Potential for change
Xu's team transplanted the cells into mice with the same genetic make-up as those that had donated the source cells. This mimics transplantation of cells from one human individual back into the same individual.
When transplanted, the embryonic stem cells gave rise to teratomas — tumours containing a chaotic jumble of cell types, which are used as a signifier of a cell's pluripotency. Most of the iPS cells, by contrast, were not able to form teratomas, or made teratomas that were attacked or rejected by the immune systems of the host mice.
"We expected that iPS cells generated from patients would be able to be transplanted back into patients," says Nissim Benvenisty, a stem-cell biologist at the Hebrew University of Jerusalem. "This paper indicates that that may not be the case."
The team found that certain genes were expressed at much higher levels in the teratomas formed by iPS cells than in those formed by embryonic stem cells. Two of the genes — Zg16 and Hormad1 — were specifically targeted in immune attacks. Xu suggests that these genes are normally turned off by the time a fetus begins the process of developing immune tolerance to its own tissues, so they are not recognized as 'self' by the host's body; the iPS reprogramming procedure might alter the normal expression of these genes.
Facing rejection
But Xu's study is not necessarily the dire news for the iPS field that it might seem.
Researchers working with iPS-derived cells that have matured to an adult fate — for instance, neurons or heart cells — have been able to transplant them into mice without rejection, but these experiments have mostly looked at mice without functional immune systems. And scientists designing therapies are mostly proposing to transplant only one type of differentiated cell at a time made from patients' own skin cells back into their bodies, rather than the jumble of differentiated cells found in a teratoma.
Xu and other researchers don't yet know whether purified differentiated iPS-derived cells would be rejected, or whether the problem is specific to undifferentiated cells.
Xu's study "doesn't really mirror the clinical situation at all", says Fairchild.
Fairchild points out that the iPS cells in Xu's study were derived from embryonic skin cells, rather than from adult skin cells, as would be the case for human patients. Perhaps these immature skin cells are more likely than adult cells to trigger an immune reaction. And he adds that it is not clear which cells in the teratomas triggered the immune rejection, or whether human cells would behave in the same way.

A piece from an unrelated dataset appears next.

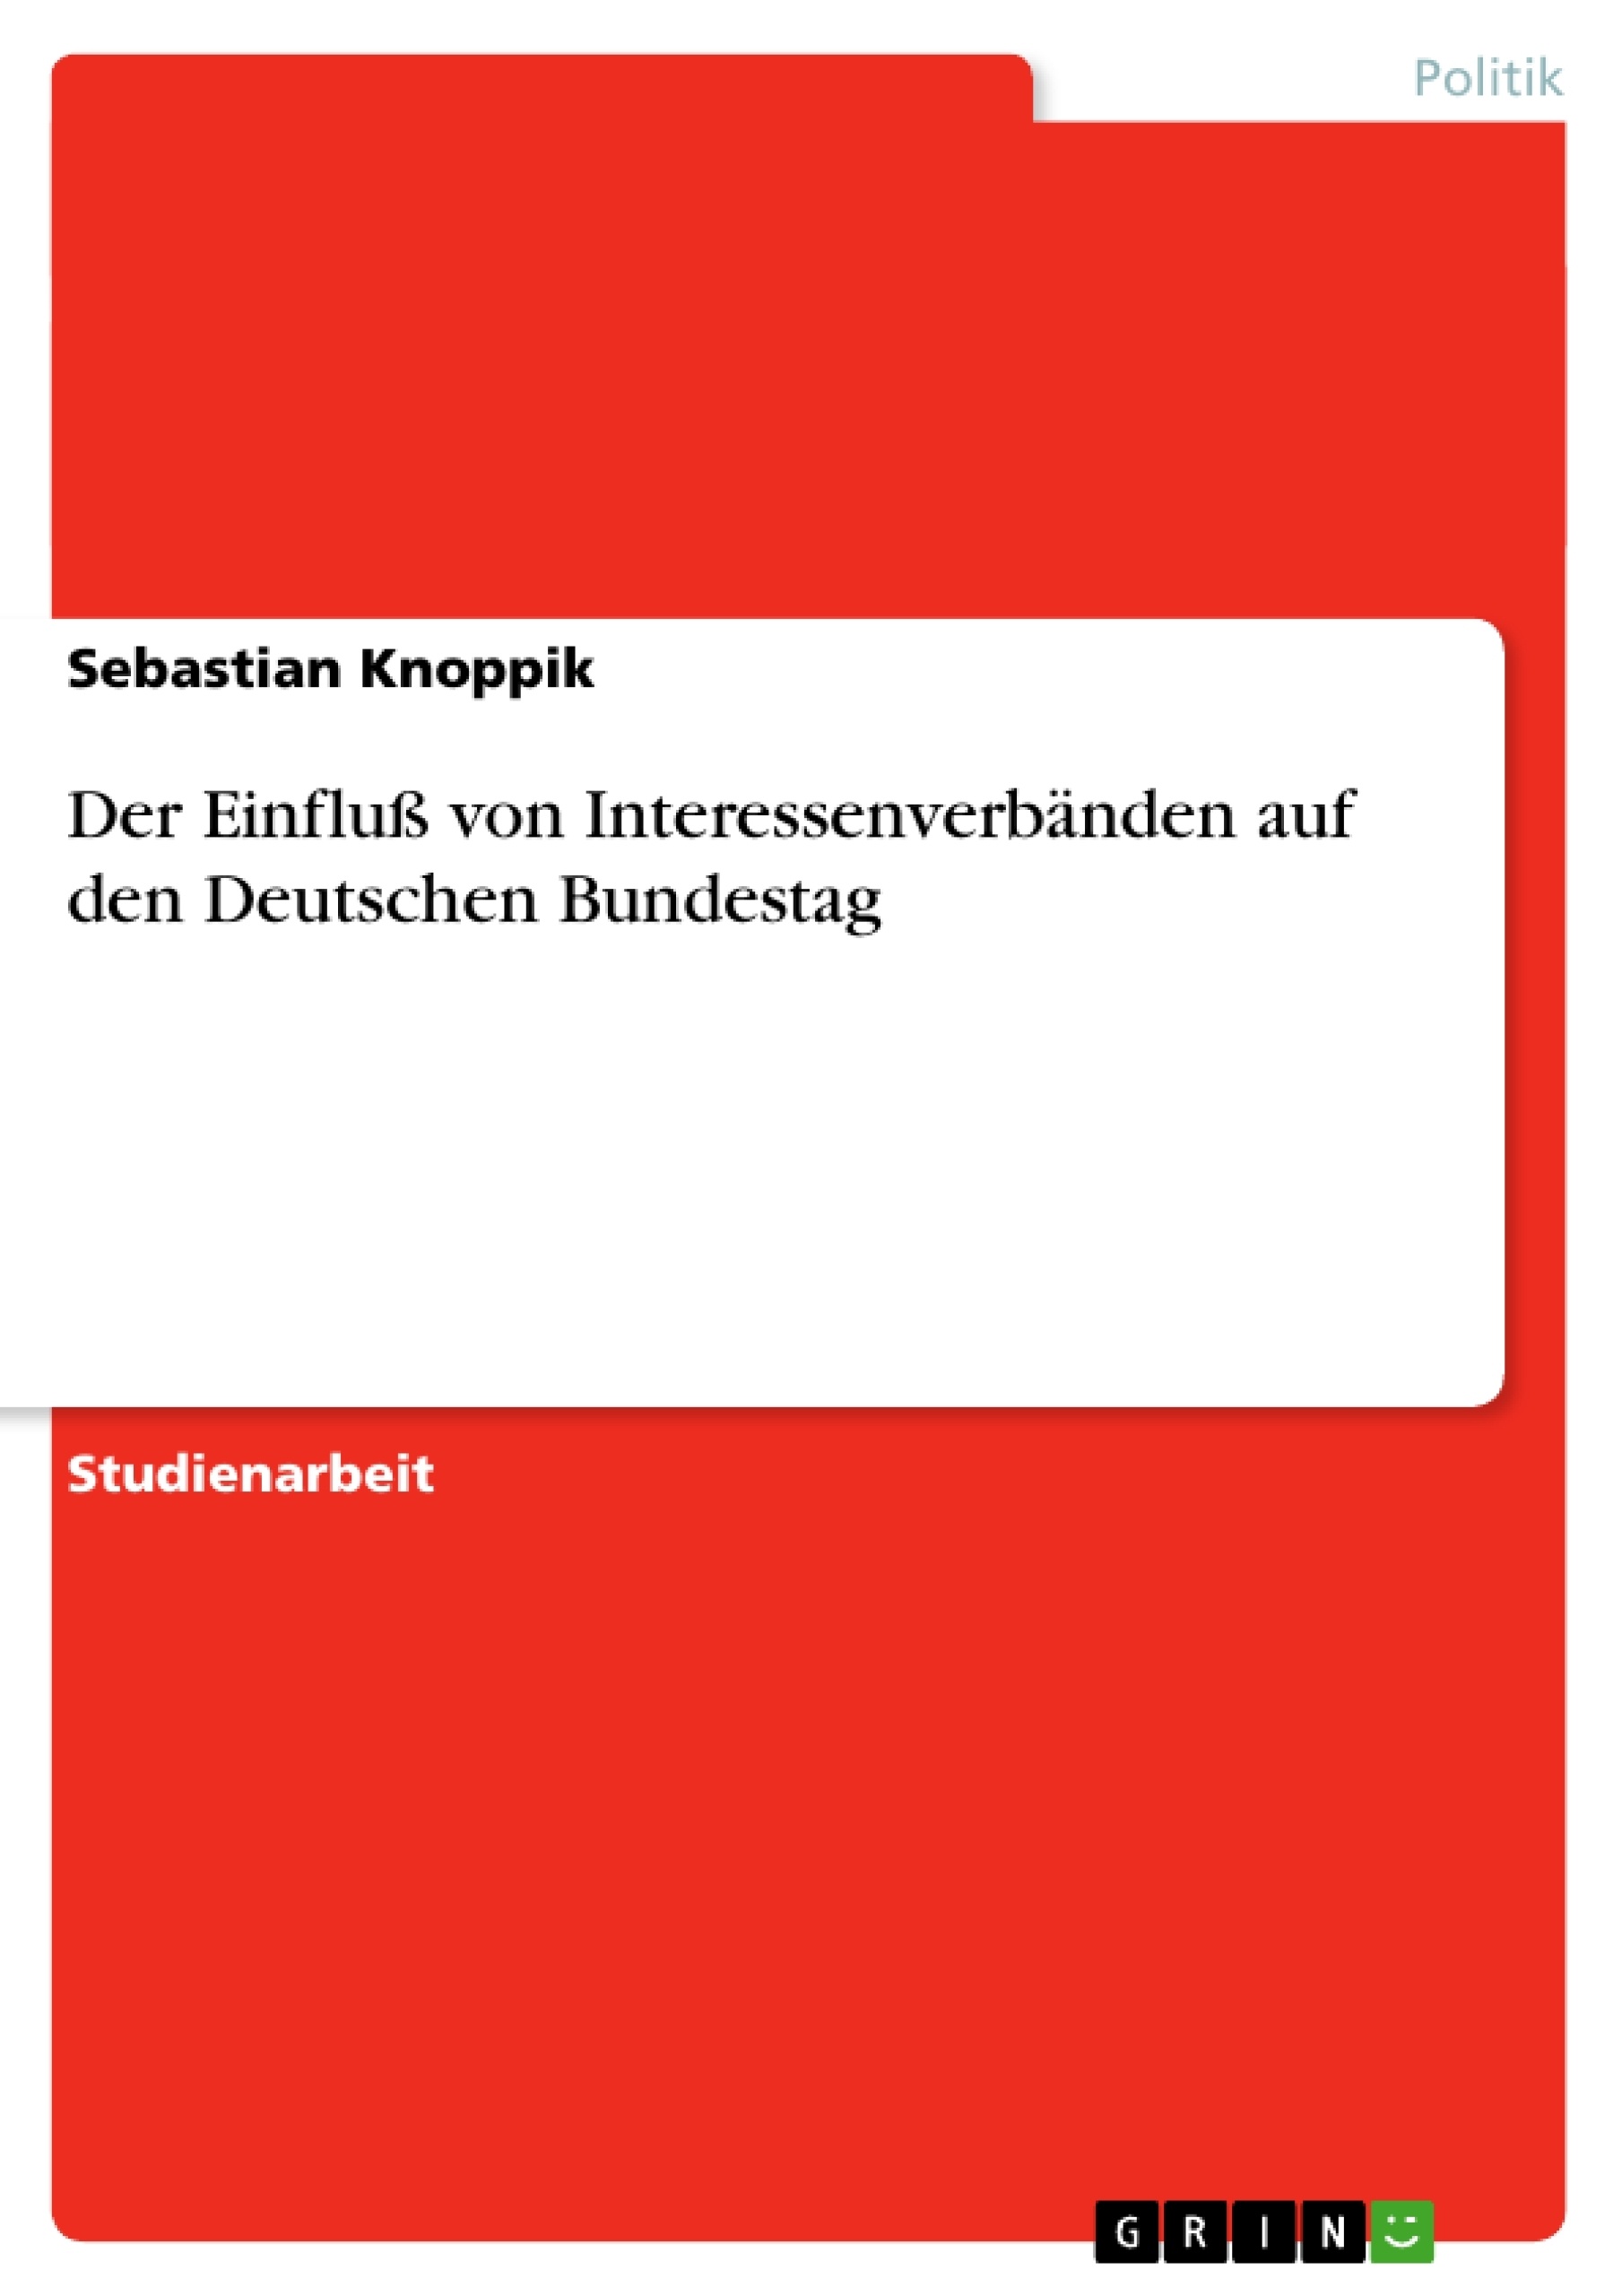 Título: Der Einfluß von Interessenverbänden auf den Deutschen Bundestag

Until these questions are resolved, Fairchild says, Xu's paper "might cast a shadow over the whole field of regenerative medicine unnecessarily".
Joseph Wu, a transplant biologist at Stanford University in Palo Alto, California, agrees that the paper "may trigger additional regulatory concerns" for iPS-cell derived patient-specific transplants.
The finding comes on top of the publication of a spate of studies suggesting that iPS cells might contain more genetic abnormalities than embryonic stem cells2. The US Food and Drug Administration heard concerns about genetic mutations in iPS cells at a meeting in Bethesda, Maryland, in March.
Fine-tuned therapies
Wu does not think that companies would be interested in developing patient-specific iPS-derived therapies. They are more likely to focus on cell-derived therapies that can be used in many people, which would require suppression of the immune system anyway.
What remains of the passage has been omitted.